*** Opening PROVIDED RECORDS ***

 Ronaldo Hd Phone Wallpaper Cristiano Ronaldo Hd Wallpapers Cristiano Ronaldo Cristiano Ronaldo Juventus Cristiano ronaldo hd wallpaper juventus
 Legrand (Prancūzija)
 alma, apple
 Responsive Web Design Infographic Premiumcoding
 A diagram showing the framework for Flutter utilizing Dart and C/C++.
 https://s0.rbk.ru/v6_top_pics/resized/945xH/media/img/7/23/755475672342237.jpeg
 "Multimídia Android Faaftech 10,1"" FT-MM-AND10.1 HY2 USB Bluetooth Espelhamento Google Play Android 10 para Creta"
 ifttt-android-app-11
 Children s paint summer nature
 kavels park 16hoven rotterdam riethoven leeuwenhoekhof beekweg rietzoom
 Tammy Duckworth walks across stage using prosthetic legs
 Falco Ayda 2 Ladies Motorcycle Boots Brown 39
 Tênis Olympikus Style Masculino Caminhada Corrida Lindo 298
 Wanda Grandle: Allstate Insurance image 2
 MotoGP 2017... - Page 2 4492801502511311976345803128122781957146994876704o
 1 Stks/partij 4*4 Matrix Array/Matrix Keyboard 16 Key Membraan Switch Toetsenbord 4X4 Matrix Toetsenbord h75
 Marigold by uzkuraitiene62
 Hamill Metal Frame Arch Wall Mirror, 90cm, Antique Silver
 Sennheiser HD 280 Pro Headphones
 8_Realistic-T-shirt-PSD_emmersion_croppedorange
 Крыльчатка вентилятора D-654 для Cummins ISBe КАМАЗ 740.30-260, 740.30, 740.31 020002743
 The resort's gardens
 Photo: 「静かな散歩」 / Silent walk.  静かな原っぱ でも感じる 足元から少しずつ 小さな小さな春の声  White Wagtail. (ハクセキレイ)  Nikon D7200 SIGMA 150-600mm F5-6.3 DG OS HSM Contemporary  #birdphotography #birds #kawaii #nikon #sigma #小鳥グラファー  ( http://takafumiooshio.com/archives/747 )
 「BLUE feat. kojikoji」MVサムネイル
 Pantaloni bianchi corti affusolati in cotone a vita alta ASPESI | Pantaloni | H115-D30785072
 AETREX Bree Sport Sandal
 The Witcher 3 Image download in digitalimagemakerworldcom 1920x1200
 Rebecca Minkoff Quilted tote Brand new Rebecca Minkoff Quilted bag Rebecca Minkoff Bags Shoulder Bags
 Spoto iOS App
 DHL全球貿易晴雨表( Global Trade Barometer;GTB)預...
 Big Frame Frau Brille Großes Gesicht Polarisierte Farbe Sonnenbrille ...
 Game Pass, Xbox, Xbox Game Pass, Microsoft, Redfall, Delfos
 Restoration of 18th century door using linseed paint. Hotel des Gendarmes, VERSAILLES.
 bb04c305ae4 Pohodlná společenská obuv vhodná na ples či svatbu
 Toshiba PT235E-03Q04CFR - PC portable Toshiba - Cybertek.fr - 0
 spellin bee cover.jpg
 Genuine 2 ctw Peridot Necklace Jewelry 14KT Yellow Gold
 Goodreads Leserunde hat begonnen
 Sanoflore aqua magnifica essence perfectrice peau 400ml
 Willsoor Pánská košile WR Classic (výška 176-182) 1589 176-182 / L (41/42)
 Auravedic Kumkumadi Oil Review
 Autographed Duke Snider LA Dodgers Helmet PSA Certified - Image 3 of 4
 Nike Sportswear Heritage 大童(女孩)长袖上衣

*** Closing PROVIDED RECORDS ***

- REQUIREMENT
Everything from the line containing "Auravedic Kumkumadi Oil Review" to the last line of the entries above should be quoted exactly, and only that.

- TASK OUTPUT
 Auravedic Kumkumadi Oil Review
 Autographed Duke Snider LA Dodgers Helmet PSA Certified - Image 3 of 4
 Nike Sportswear Heritage 大童(女孩)长袖上衣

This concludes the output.